Segment Start: DATA SECTION

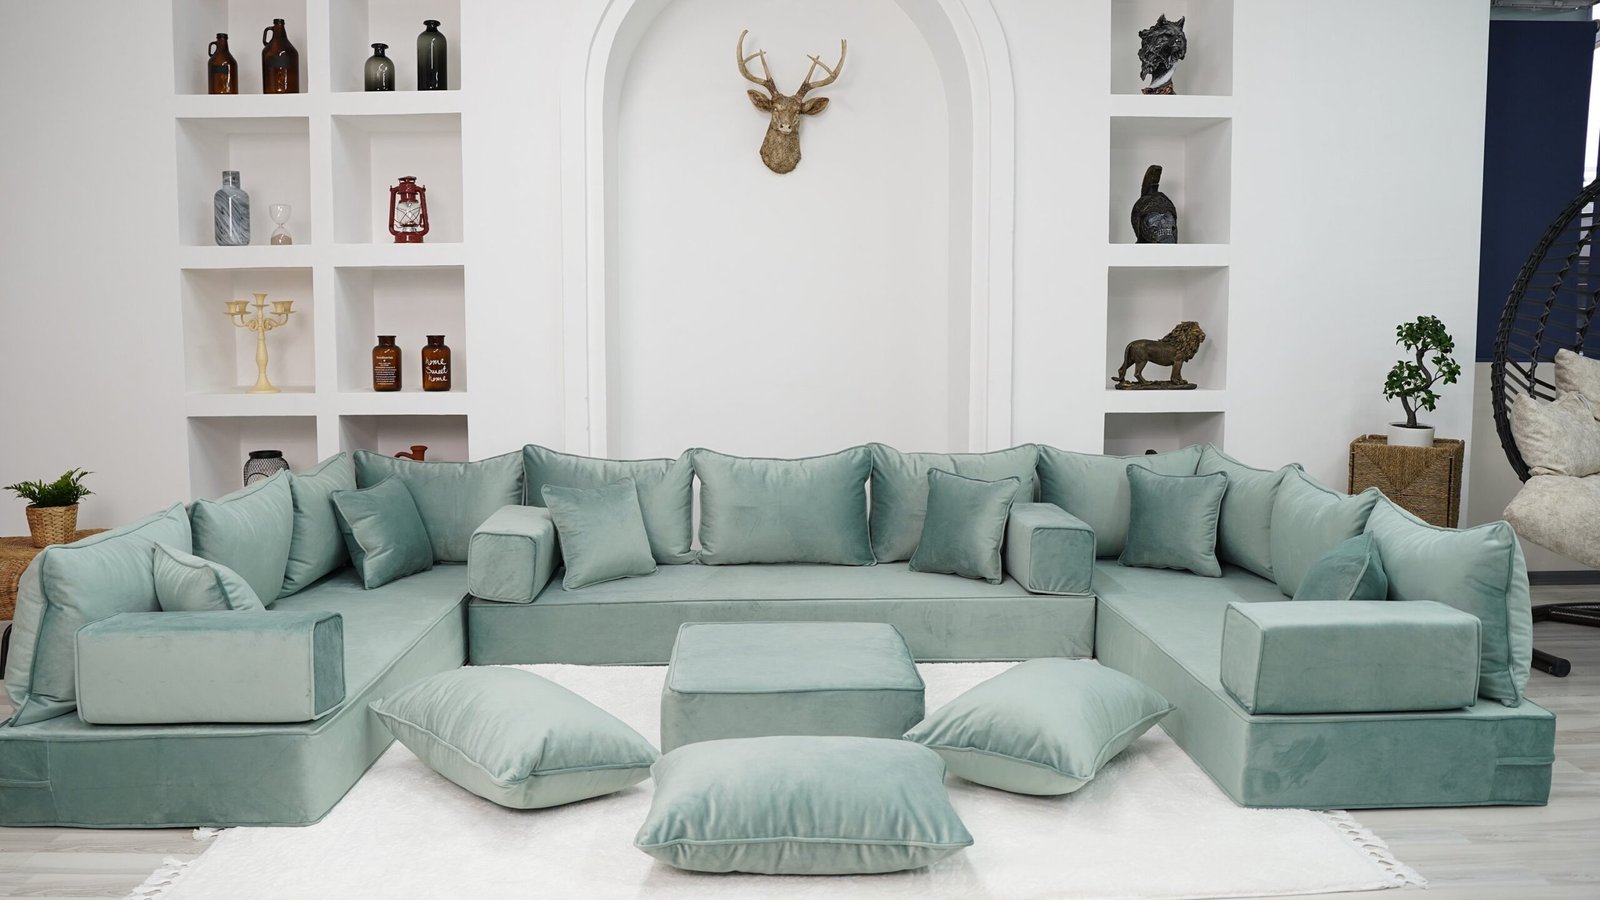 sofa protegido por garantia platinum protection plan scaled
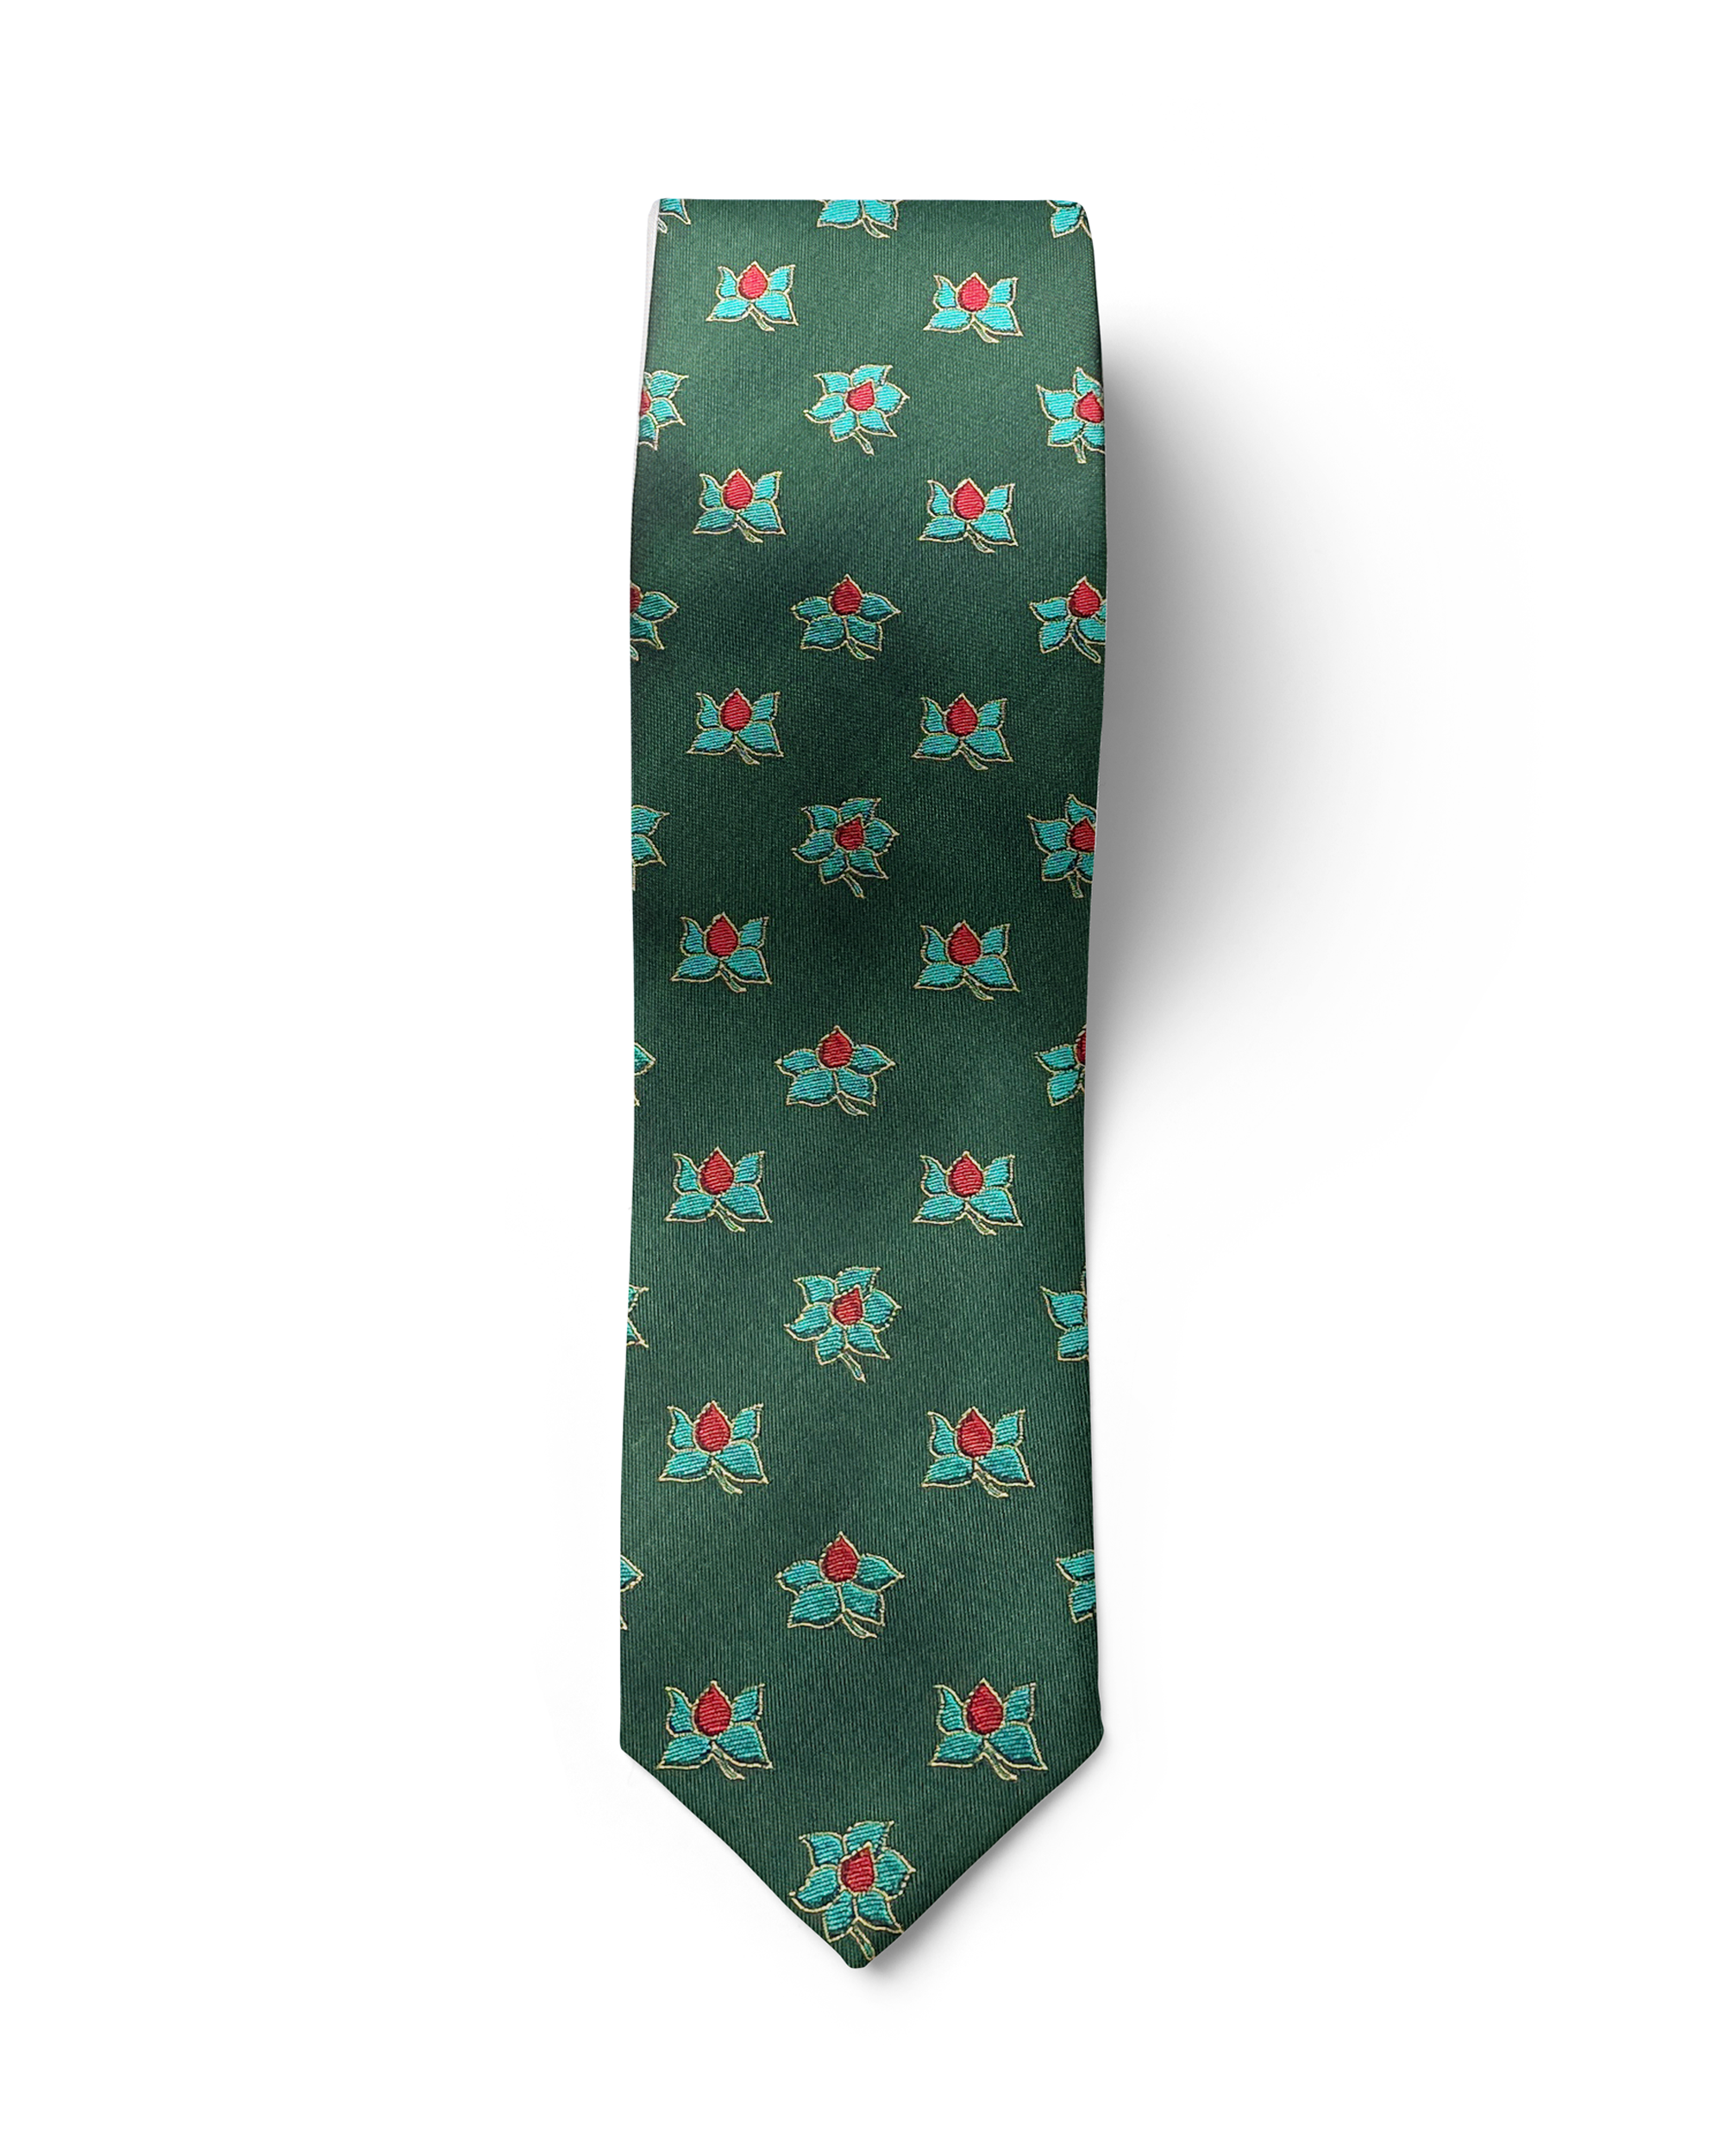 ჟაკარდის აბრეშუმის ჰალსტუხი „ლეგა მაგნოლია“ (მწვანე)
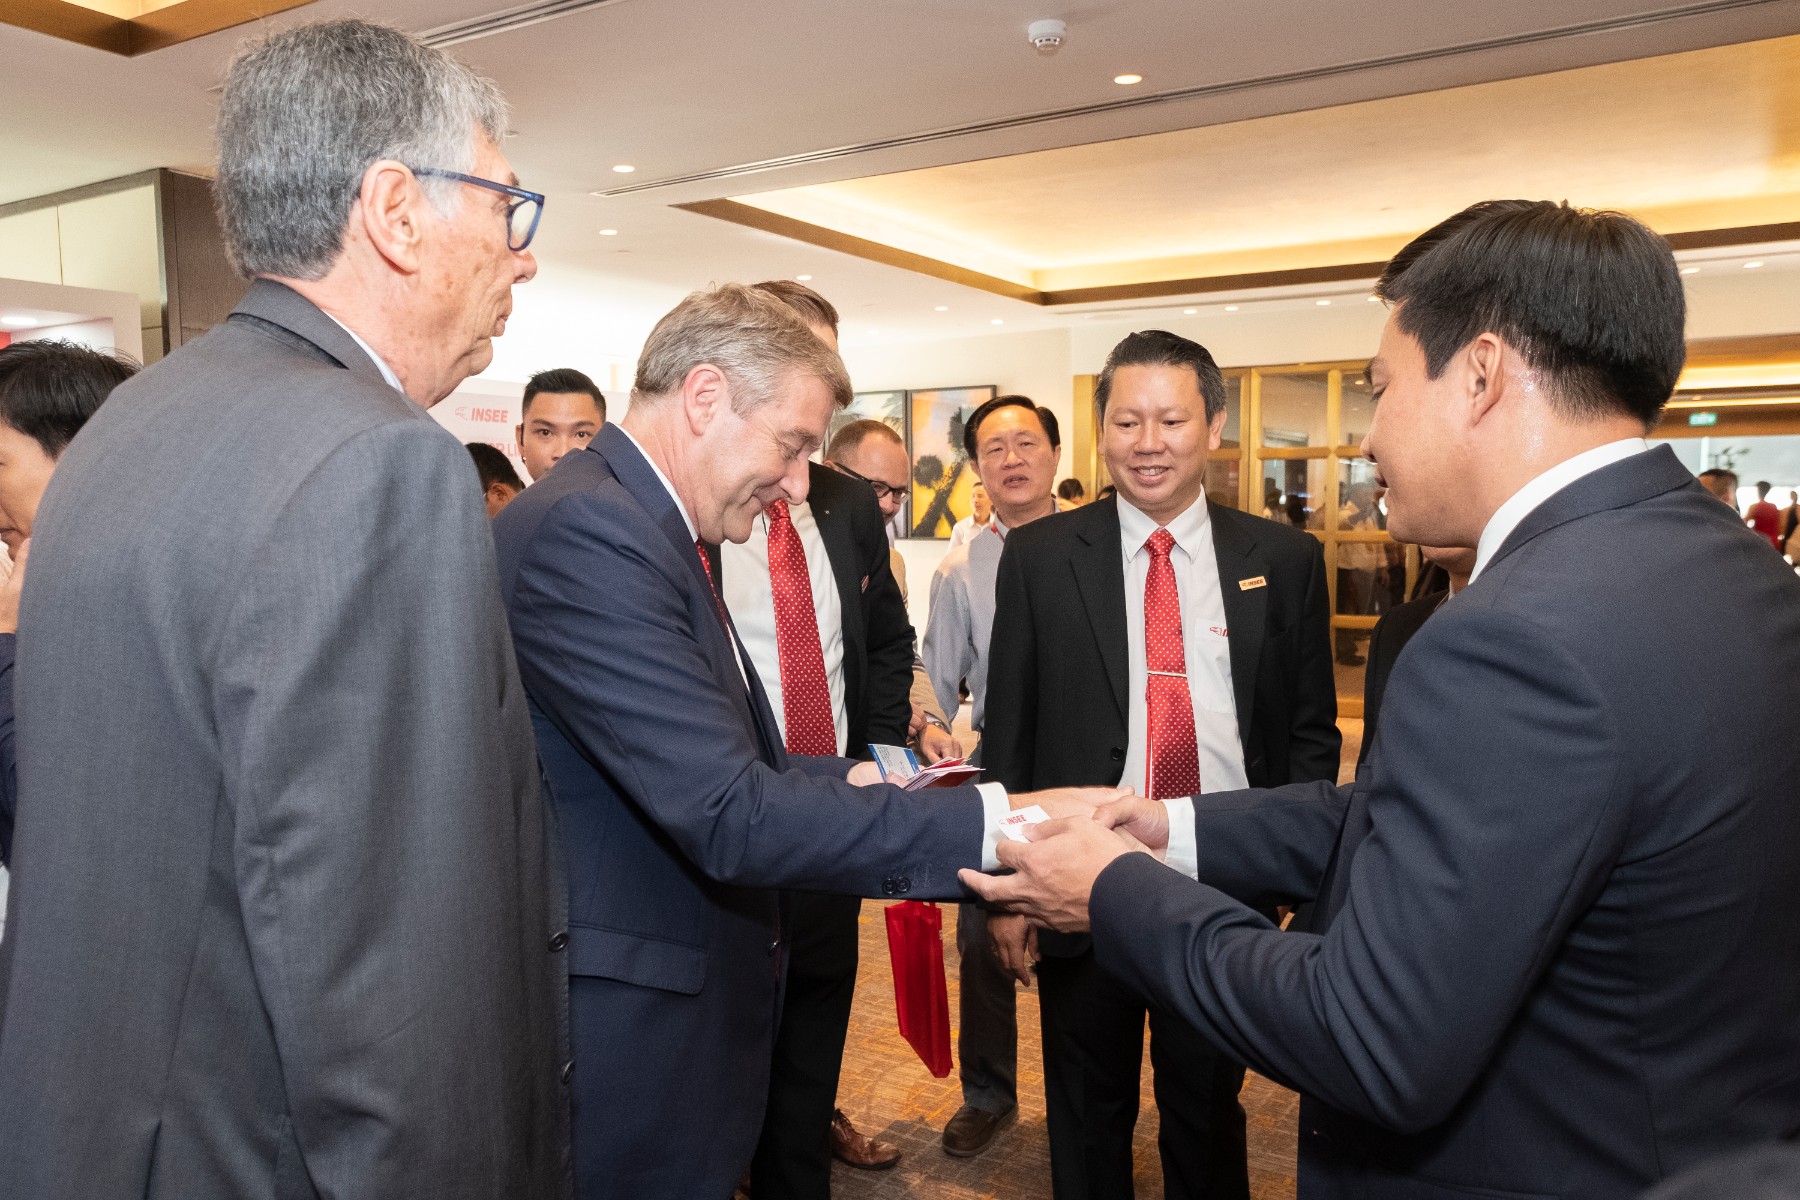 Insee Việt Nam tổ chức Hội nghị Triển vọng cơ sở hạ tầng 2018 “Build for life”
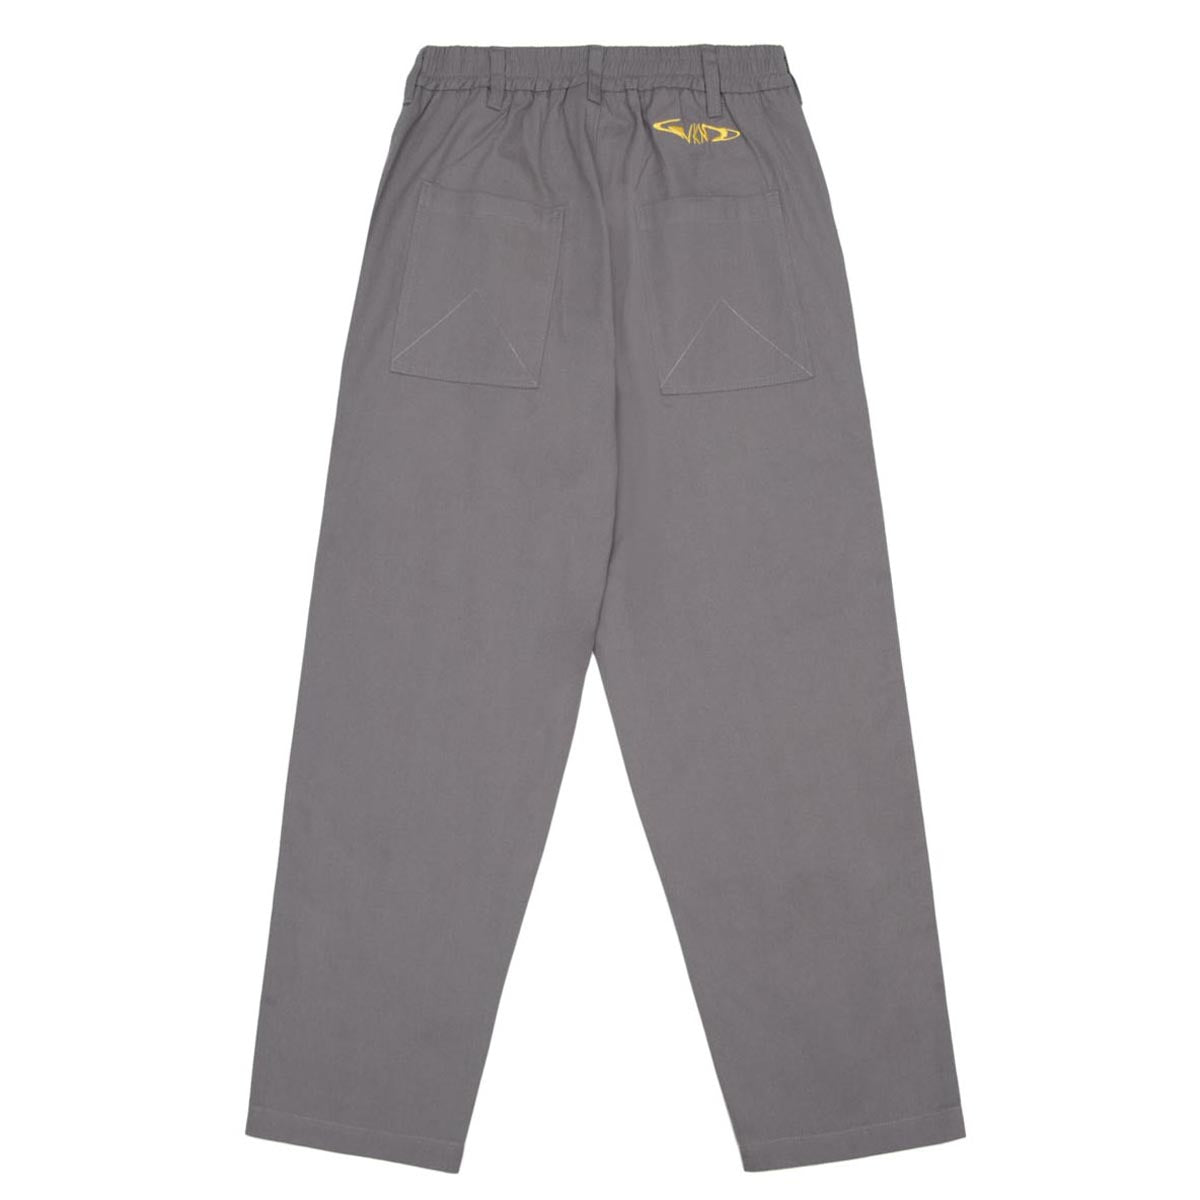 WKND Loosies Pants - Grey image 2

Segment End: DATA SECTION

* _EXERCISE INSTRUCTIONS_: Copy out all the data exactly, skipping the pictures.

* _SOLVED EXERCISE_:
 sofa protegido por garantia platinum protection plan scaled
 ჟაკარდის აბრეშუმის ჰალსტუხი „ლეგა მაგნოლია“ (მწვანე)
 Insee Việt Nam tổ chức Hội nghị Triển vọng cơ sở hạ tầng 2018 “Build for life”
 WKND Loosies Pants - Grey image 2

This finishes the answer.